You Can’t Always Get What You Want

How old where you when your first dream died?

It’s an uncomfortable question.  It admits failure and implies disappointment. But I don’t know a single person that doesn’t have an answer. Perhaps you count the instant you found out that Santa Claus was a hoax. Maybe it was a surprising death. The answer I hear most often to this question is the answerers particular experience of finding out they can’t be whatever they want to be. Maybe that’s my fault because that’s the context in which I answer the question, so related conversation is usually the prompt for me to ask it in the first place.
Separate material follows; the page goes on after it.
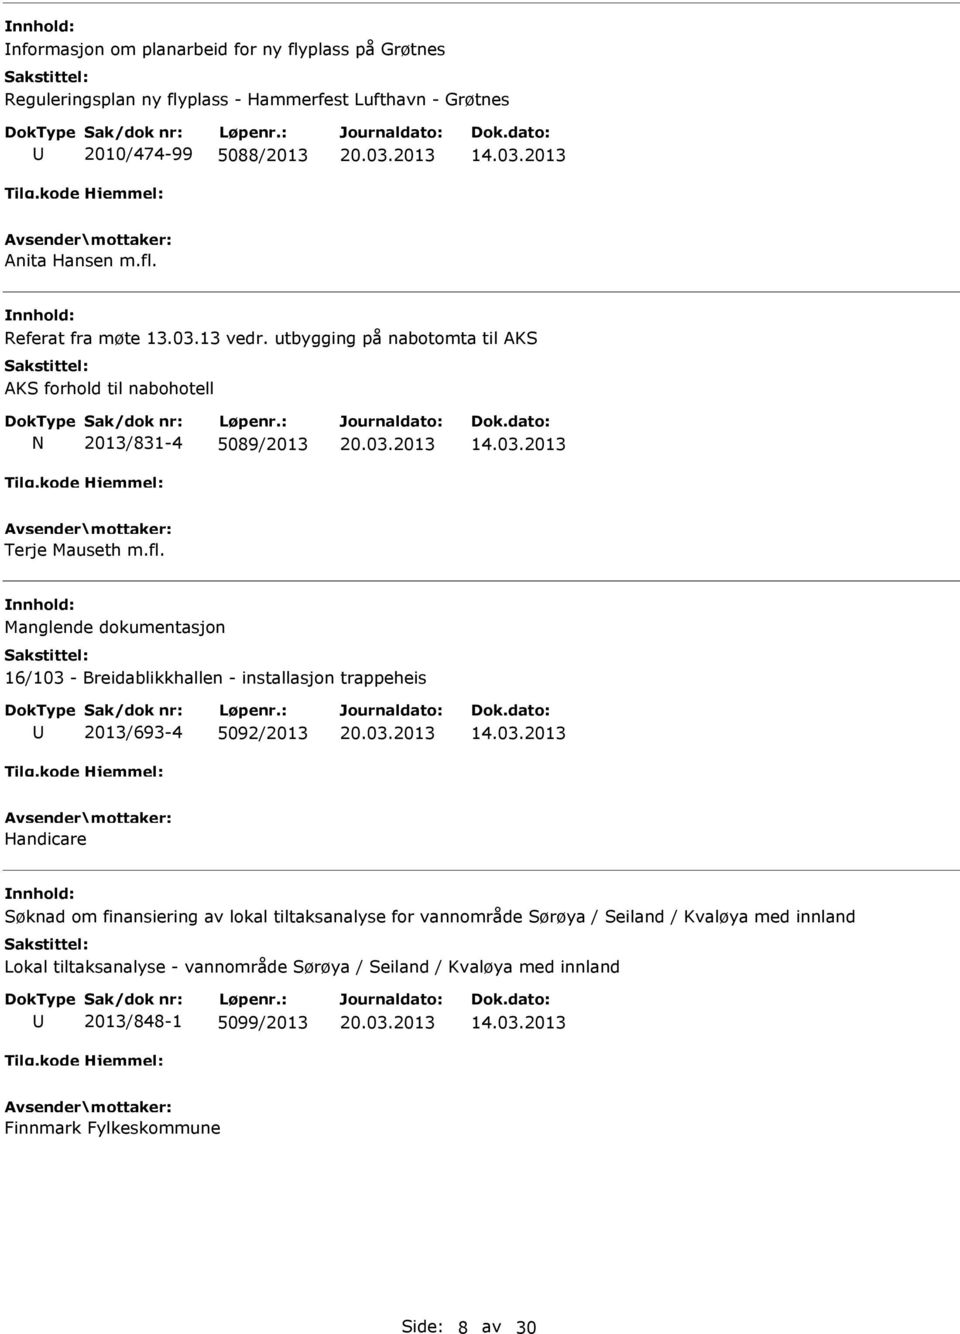 Manglende dokumentasjon 16/103 - Breidablikkhallen - installasjon trappeheis 2013/693-4 5092/2013 Handicare Søknad om finansiering av lokal tiltaksanalyse

I was 13 when I realized I wouldn’t be able to be a pro basketball player. I was 16 when I verbally admitted it to another person. I had been a good ball-player as a child and figured with a lot of practice and a few breaks, I could play in the NBA. I was mostly just naïve. The moment came all at once, and I knew I was born for sales instead of sports (My dream actually withered from athlete to commentator to writer to sales, but who’s nitpicking?). I had about 12 points in the first 15 minutes of an AAU game. I was a 6’2” 13-yr-old being guarded by a stocky kid who would simply never be able to block my shot. The other team’s coach decided to make a change. He placed a gangly black kid with grace and wings to cover me. The kid was beautiful. He glided along the floor like a bird in flight, and he immediately enjoyed calling me “Cake”, a diss that still stings even though I still don’t understand it. He shut me down. Completely. My first real dream was murdered by some nameless kid from Oklahoma with no offensive skill set. I wonder what he does now? Maybe he’s in the management program at Enterprise (great corporate structure). Maybe he’s dead.
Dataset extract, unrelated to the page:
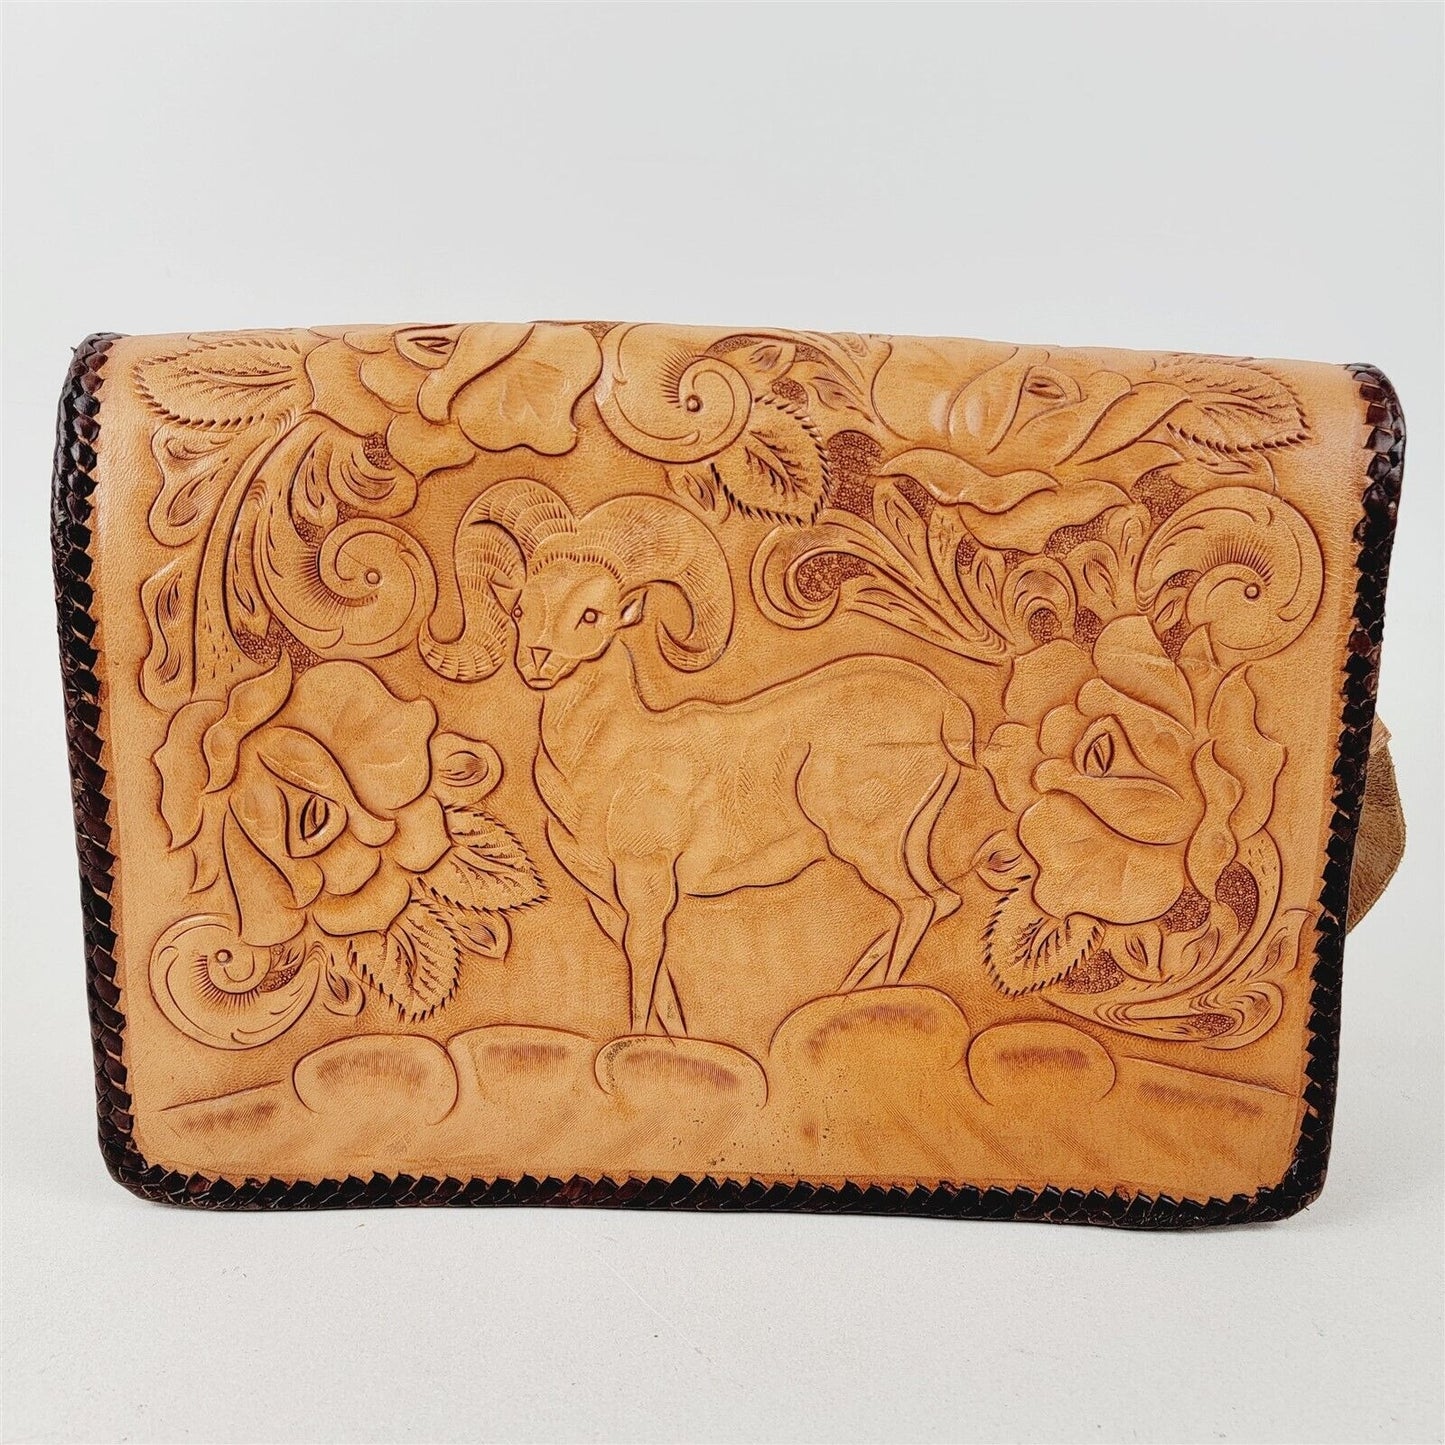 Vintage Hand Tooled Floral Leather Handbag Shoulder Bag Alaska Bighorn Sheep

It took me a few humbling years to admit I wasn’t as good as I wished I was. Those birds showed up in more and more games, and they simply had athletic gifts that I did not. Basic white-guy problems, really (right up there with having too much sway in marketing demographics). I get it now. I was a fairly coordinated kid with inflated hopes because I grew too much on the front-end of life (there’s enough evidence to prove it’s better to hit your growth spurt later. See Michael Jordan, and more recently, see Anthony Davis). But that failure, that disappointment, was probably the beginning of the best thing I’ve ever learned.

You can’t always get what you want
You can’t always get what you want
You can’t always get what you want
But if you try sometimes you just might find
You just might find
You get what you need 

That naïve kid had the right drive and the wrong directions. Turns out that desire to play basketball wasn’t meant to put me in the NBA, but the game still took me somewhere. I played basketball through college and met three of my closest friends on that basketball team. One of those guys referred me to a job in North Carolina after school. I still work for that company, and I’m betting a lot of you reading this right now wouldn’t be reading this if I hadn’t taken that job. Hell, I wouldn’t be writing it.

How old was I when my first dream died? Old enough to get what I needed. God bless providence.